于是,我们在晚年这最后一行人生清单里看到了这样的一个季羡林:他的生活像清教徒一样简单,到老还穿着从德国带回来的雨衣,在被年轻人夸时髦时,他才发现,原来时尚潮流是五十年一轮回。他在校园里走,被新生误认为是老校工,让他照看行李,他也微笑着答应。他表面上安静严肃,内心却是滚烫的。他总结自己喜欢的性格是:“骨头硬,心肠软;怀真情,讲真话;不是丝毫不考虑个人利益,而是多为别人考虑;关键在一个‘真’字,要做性情中人”。
对于人和自然、人和人、人和自我这三个关系,他完成了最后的思考。他说,哲学家对这些问题的回答没有一样的,也捏不到一块儿去。重点不在理论,而在于去做,用自己的思想去包容人情世事。他自己的三条回答,都是平常话:对于人和自然:人要把自然看成伙伴,征服的姿态一定会有恶果。对于人和人:尊重社会的准则秩序,对善良之人报以真情和忍耐。对于自己:努力去除情感中的杂念。他在90岁时说:我是个呆板保守的人,工作就是爬格子。我只能保证我写出来的东西没有假冒伪劣。读了之后,能让人爱国,爱家乡,爱人类,爱自然,爱儿童,爱一切美好的东西。我活得太累了,但休息是不可能的,只能向前走,向前走……
总结
那么,我们最后来一起看看,在季羡林的98岁人生旁边,开出来了一列什么样的感悟清单。确实没什么高深道理,只是他奉行的准则:人生的起点肯定不一样,然而多知道一些,就能多自由一些。我们总是要穿过糊涂才能逐渐明白:生活的意义,就是完成这一代人该负担的责任。要做事,就要追求彻底的认真和真实。在其中去确立“人和自然、人和人、人和自我”的关系。与人相处,真情和忍耐之外,要“反求诸己”,想想换成自己,能不能好到哪里去?季羡林谈古印度语言,我们听不太明白,但他说人生时,我们都懂。然而,这些道理要认真彻底去做才行。说了这么多,对于该怎么评价他,你一定有了自己的答案。

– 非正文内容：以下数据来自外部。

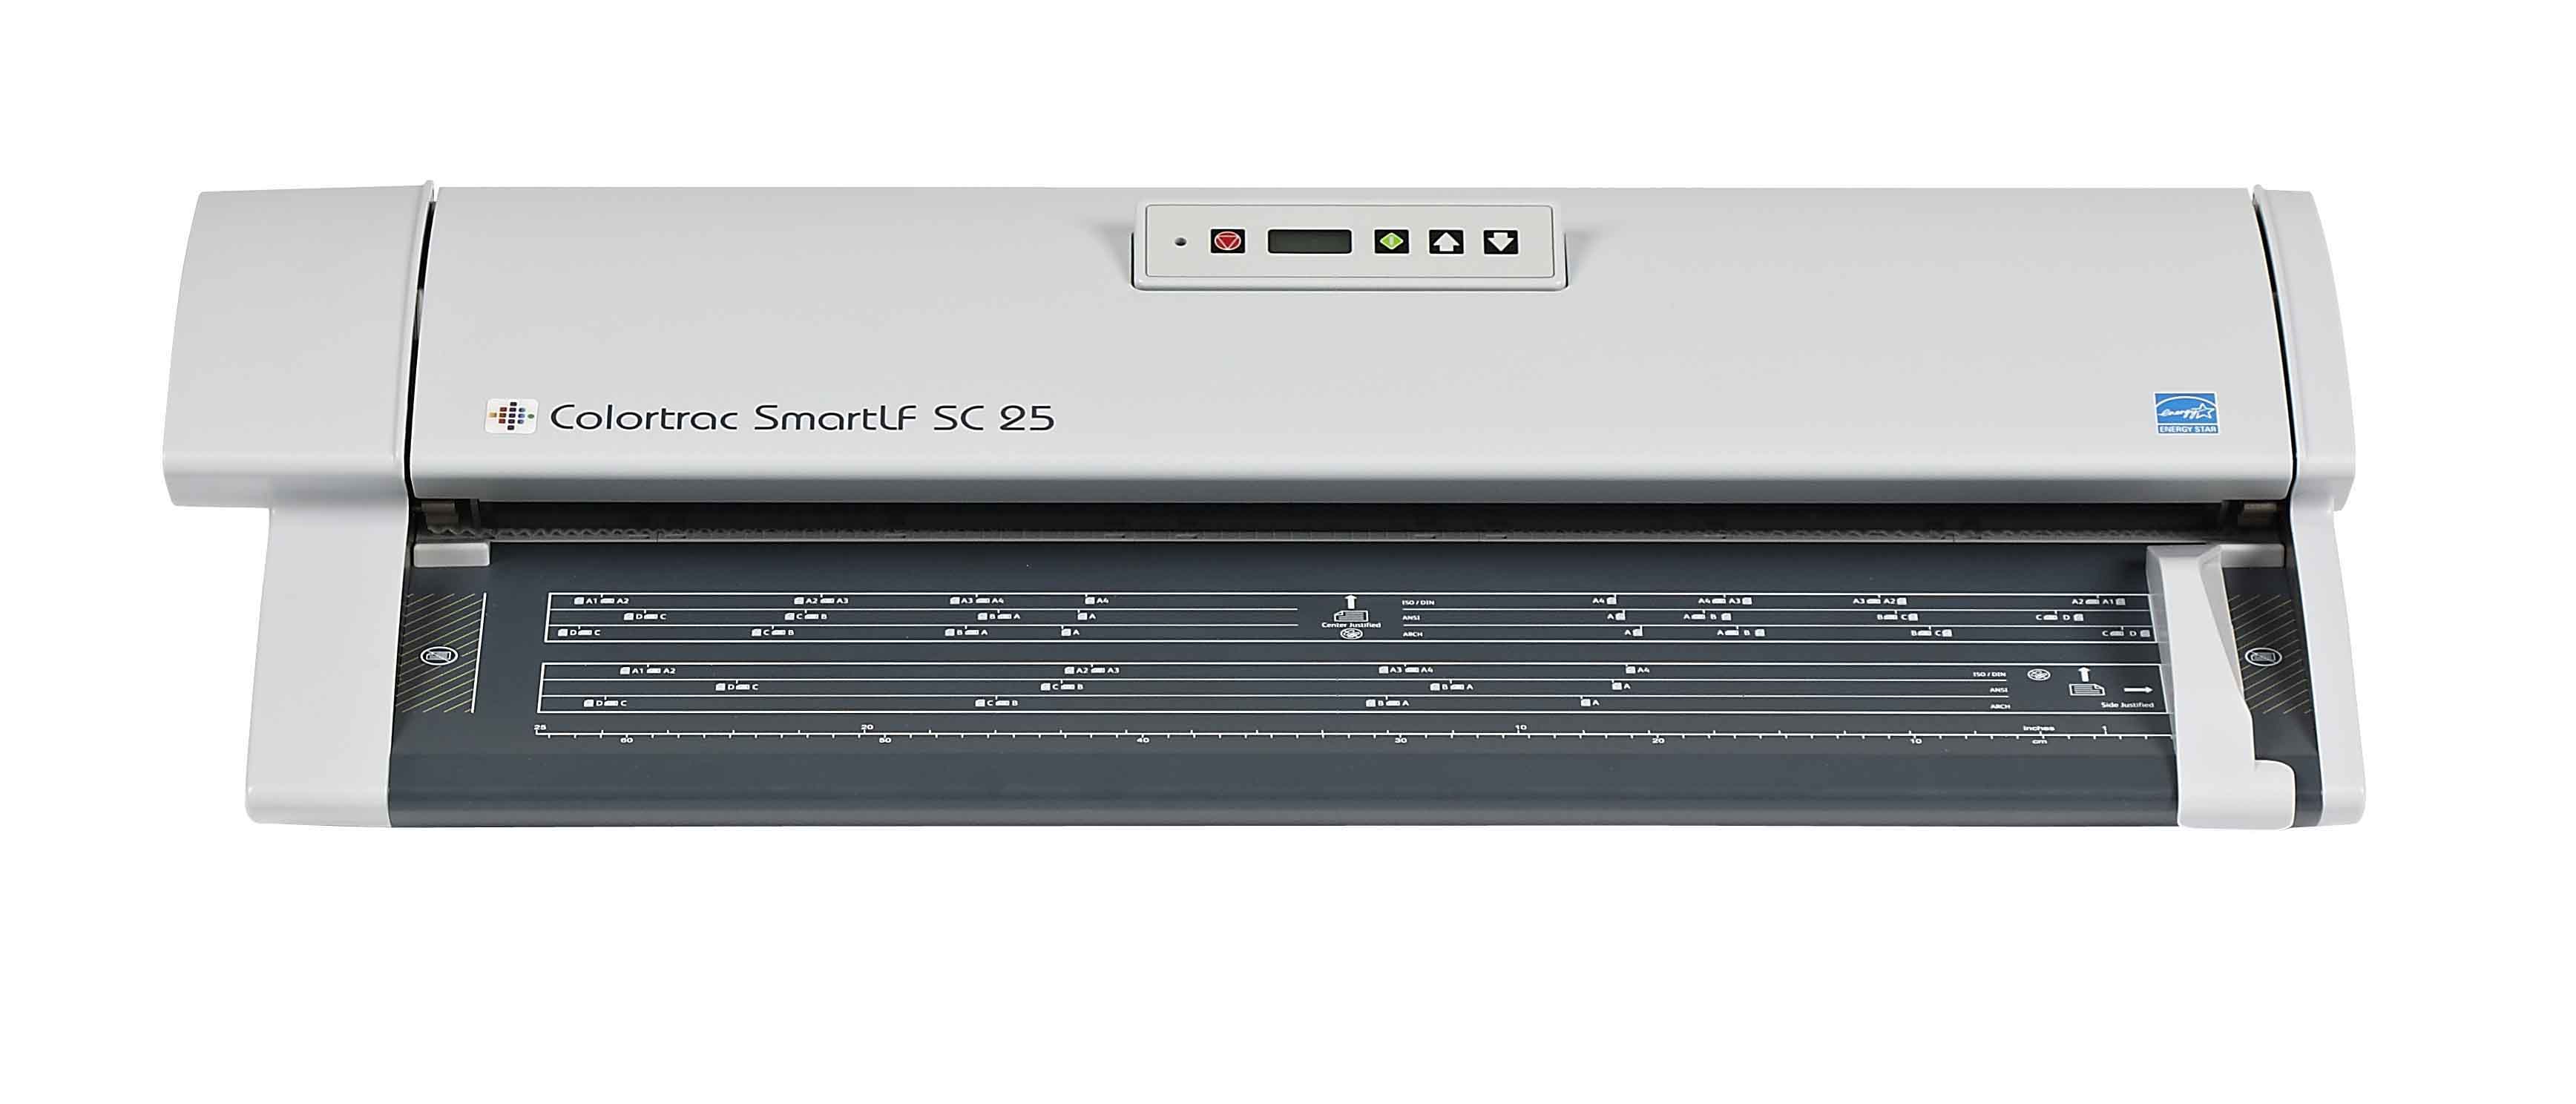 Colortrac SmartLF SC 25m Scanner (01H066)
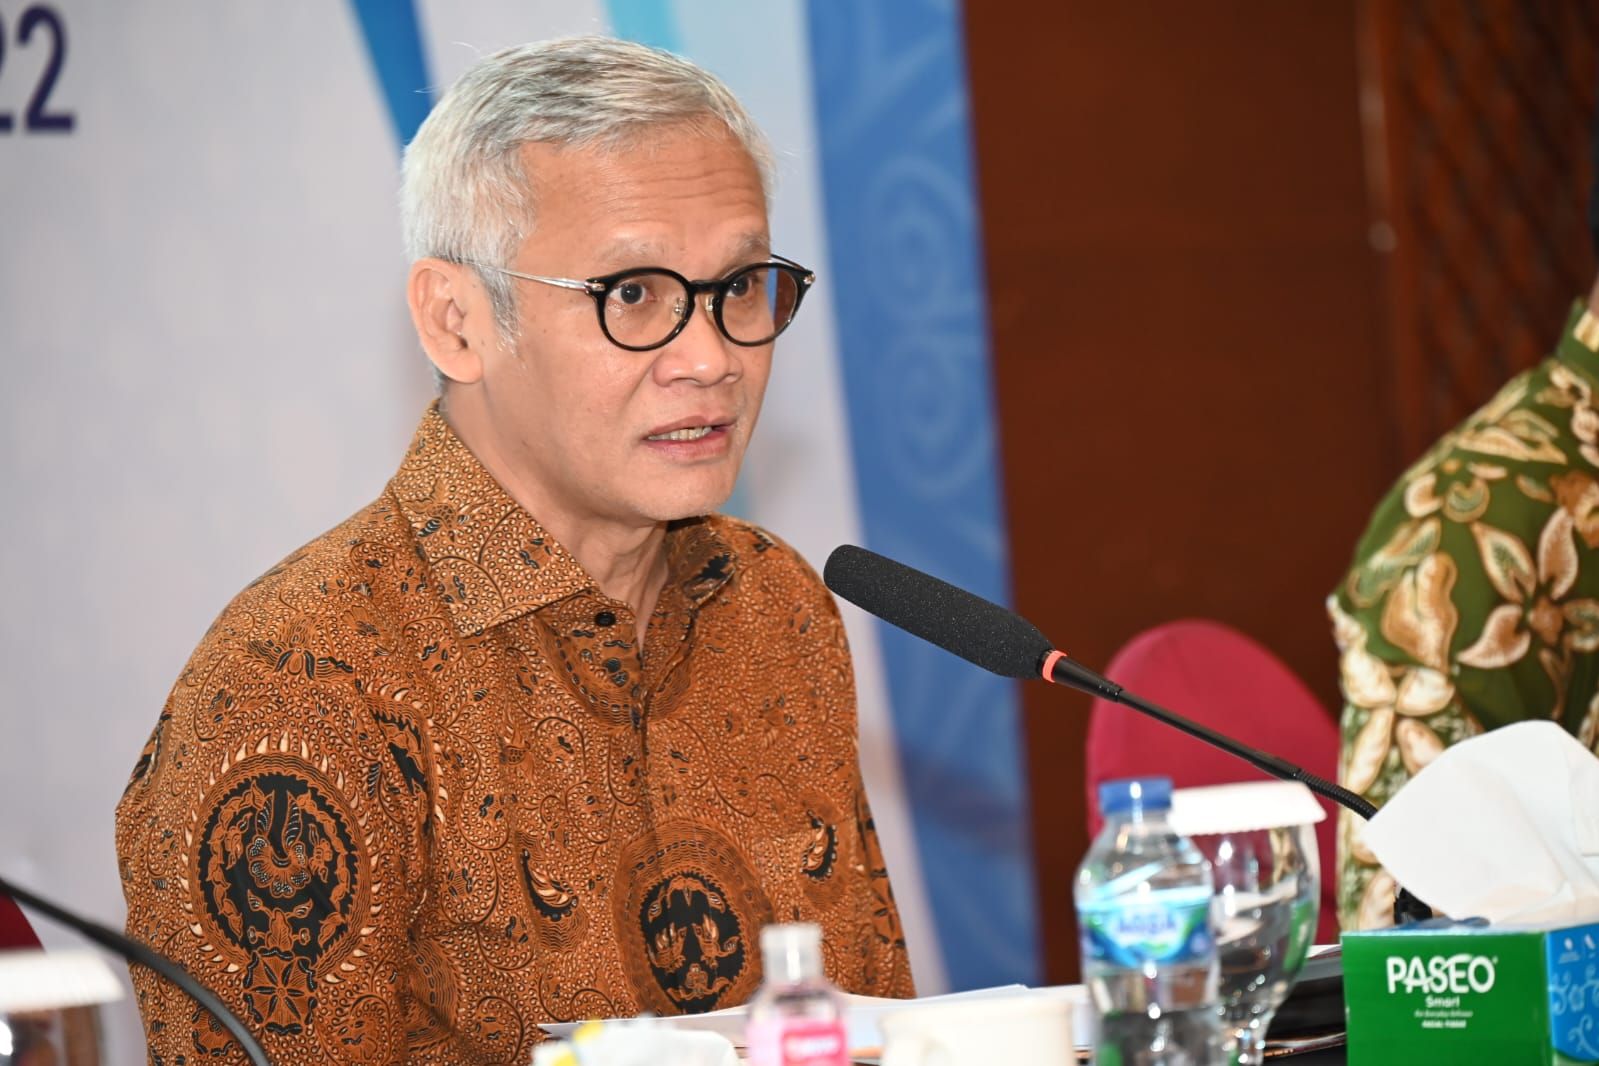 DPR Minta Erick Thohir Lanjutkan Restrukturisasi Keuangan di BUMN

季羡林说,如果真有个人,人人都说他好,此人一定是极端圆滑的人。他拒绝了社会给他的美誉,除了性格朴实、较真,也是种智慧。追逐虚名的人,大概没怎么想过:德不配位,名过其实,实在也是灾难。人的才德和社会地位之间,需要大致平衡。名誉地位太低,容易变得愤世嫉俗,性格乖张。但太高,且不说会成为众矢之的,心理也会逐渐变得既极度自大又极度自卑,越来越不正常。一般来说,社会地位稍低于真才实学,个人欲望低于实际能力,是最适合保持自在平和的。人们觉得谦虚和低调是明智之举,原因就在这里。说起来,又何必追求不了解自己的人来夸自己呢?他们也夸不到点儿上啊。